* **TASK TO CARRY OUT**
Lift out, unaltered, the lines of the material below between the line holding "Authentic 1991-94 Tottenham" and the line holding "U.C. Berkeley Cal", counting both.

EXTRACTED ENTRIES section start

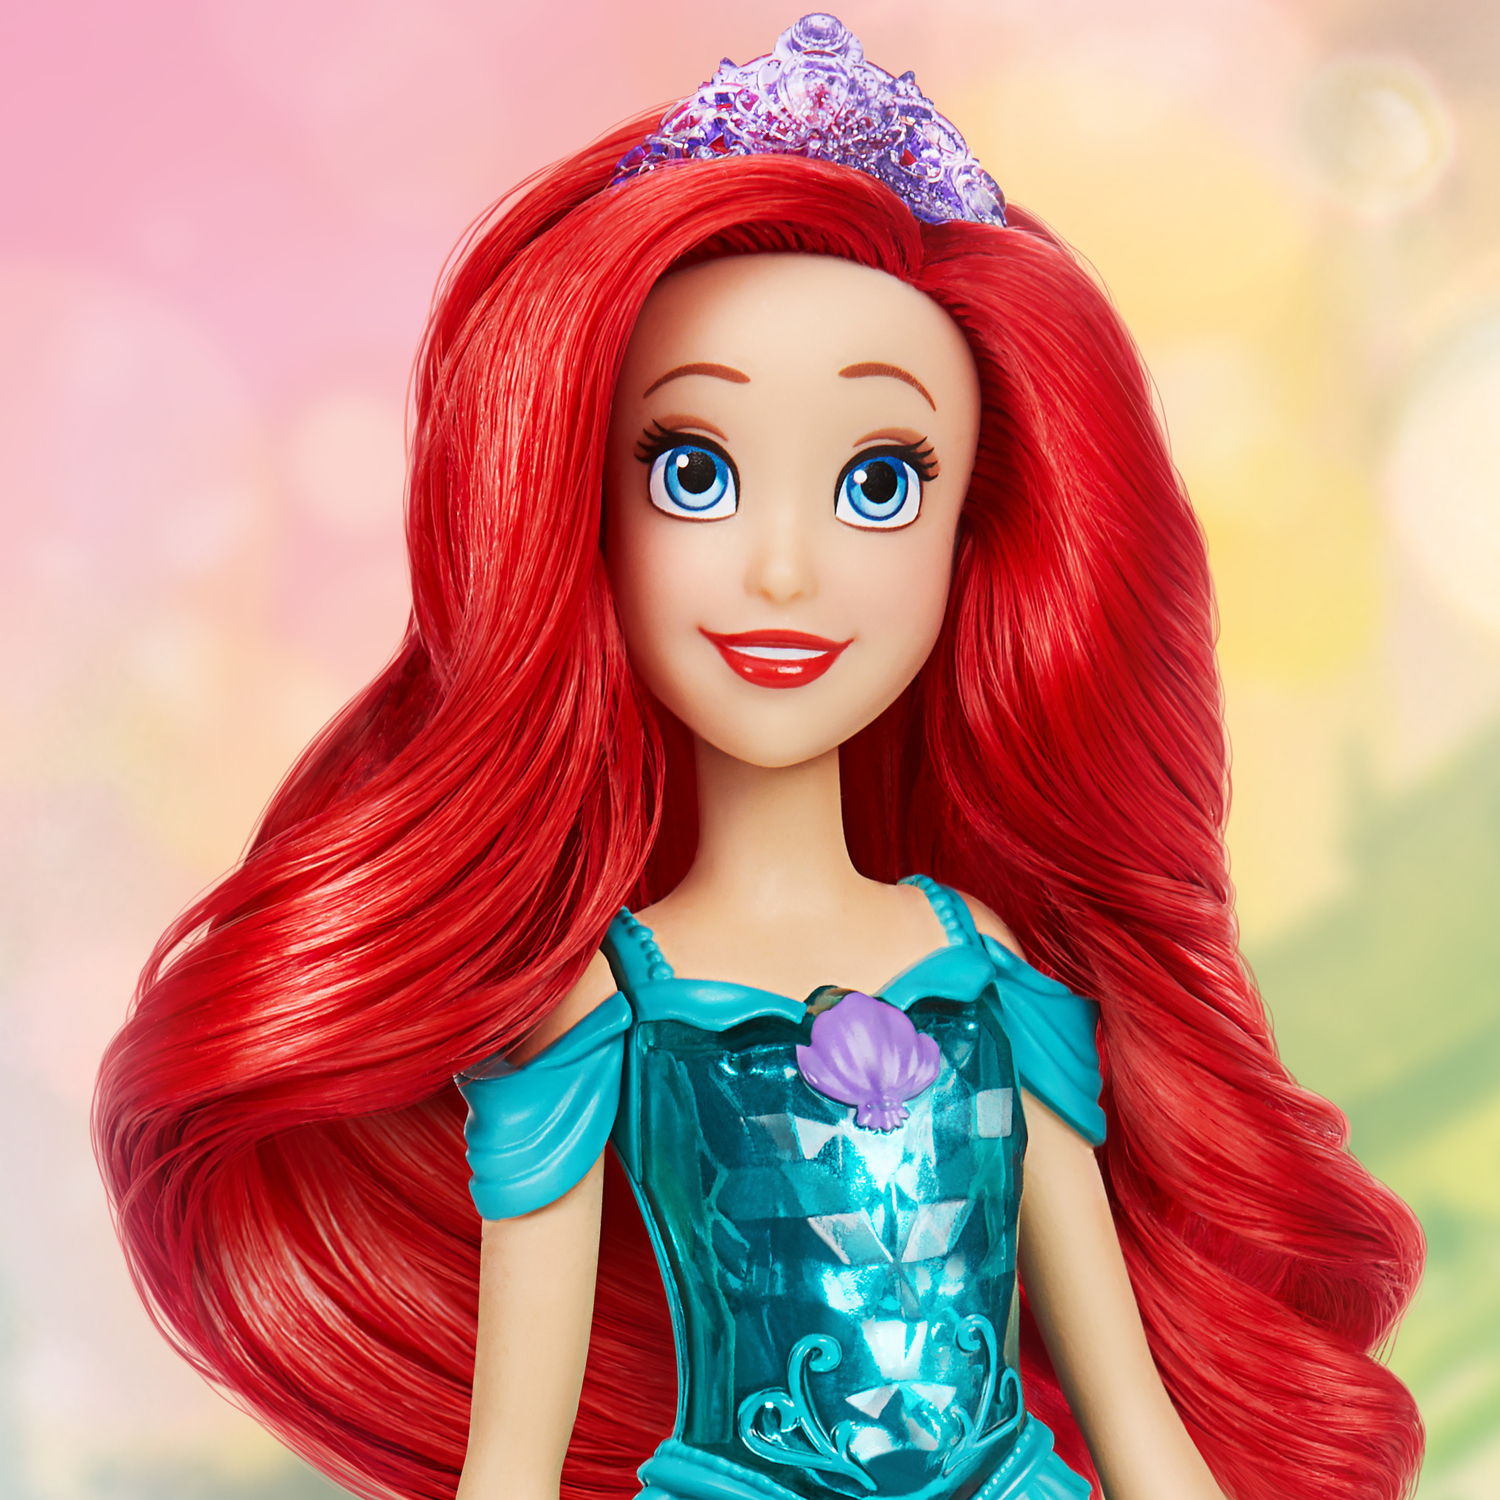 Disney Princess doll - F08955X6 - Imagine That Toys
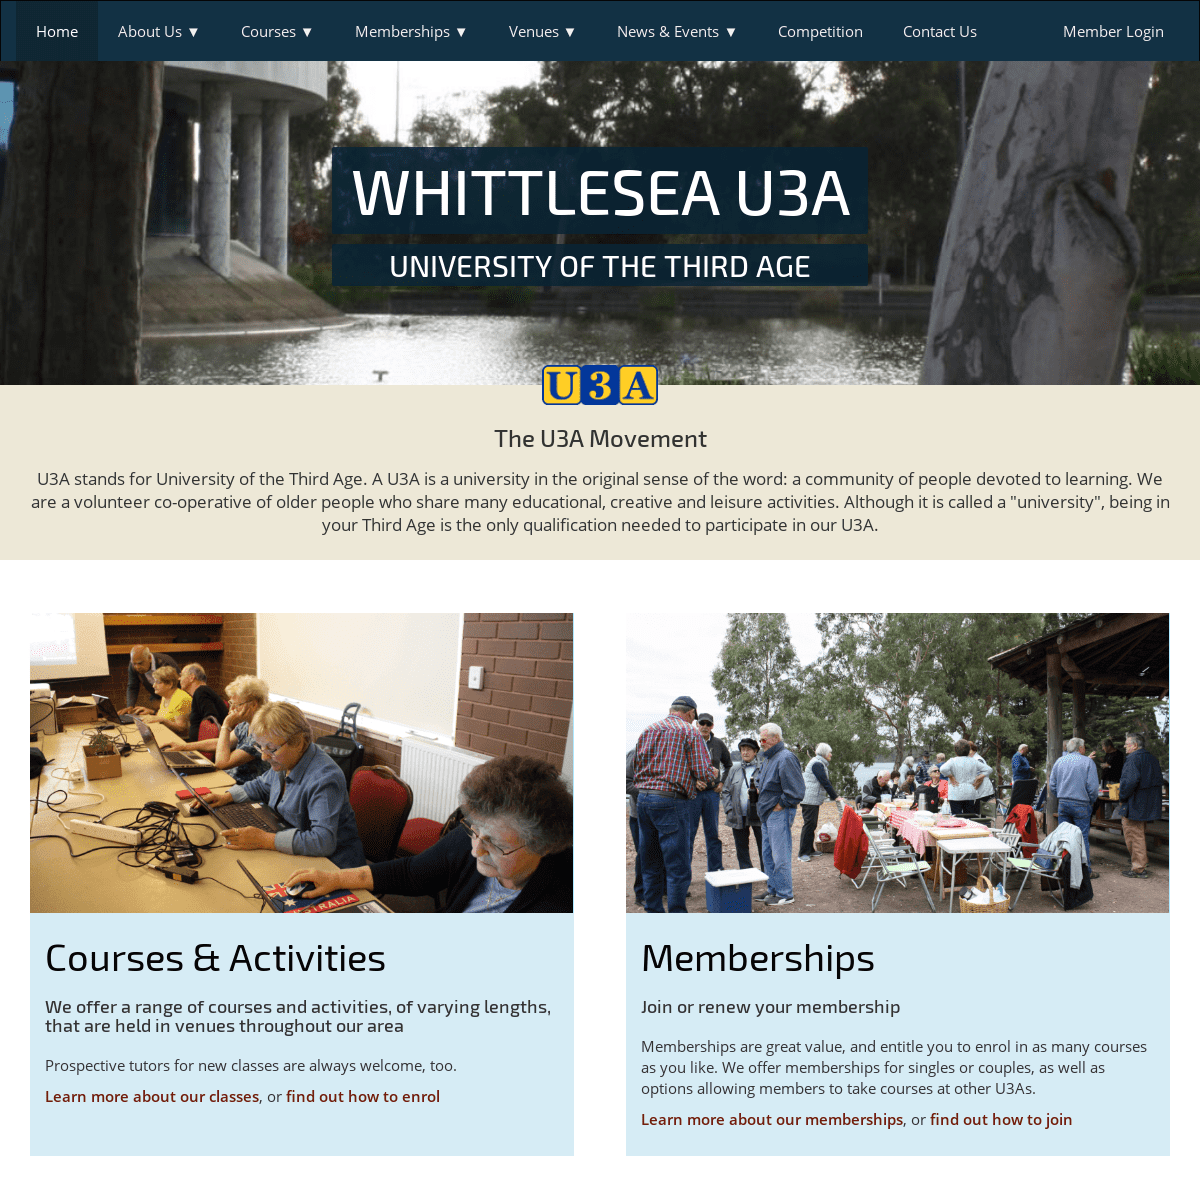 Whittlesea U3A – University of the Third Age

EXTRACTED ENTRIES section end
EXTRACTED ENTRIES section start

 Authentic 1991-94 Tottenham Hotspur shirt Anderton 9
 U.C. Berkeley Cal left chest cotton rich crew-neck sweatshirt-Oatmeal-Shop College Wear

EXTRACTED ENTRIES section end
EXTRACTED ENTRIES section start

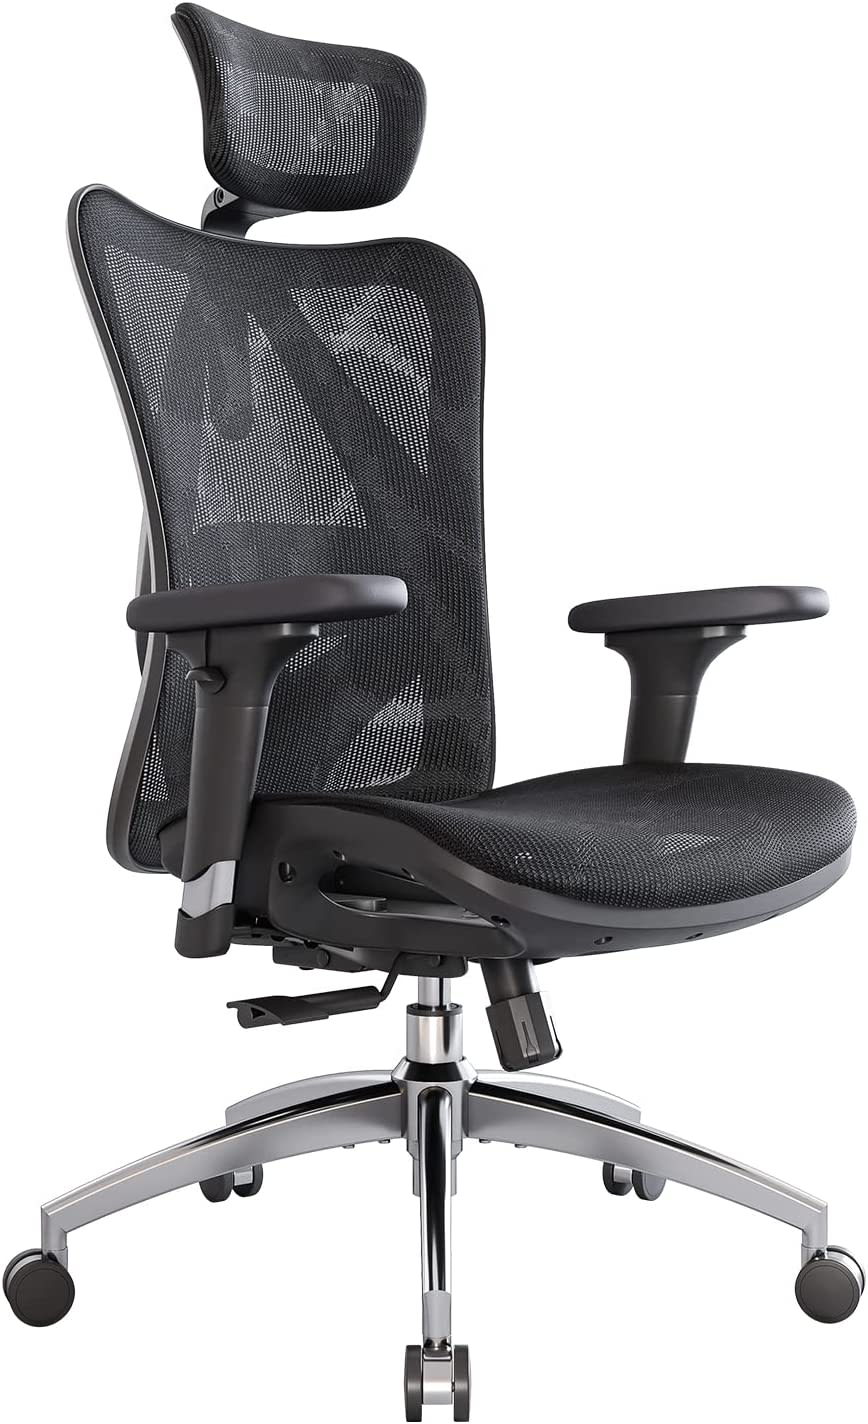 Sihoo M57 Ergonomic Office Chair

EXTRACTED ENTRIES section end

* **RESPONSE BOX**
 Authentic 1991-94 Tottenham Hotspur shirt Anderton 9
 U.C. Berkeley Cal left chest cotton rich crew-neck sweatshirt-Oatmeal-Shop College Wear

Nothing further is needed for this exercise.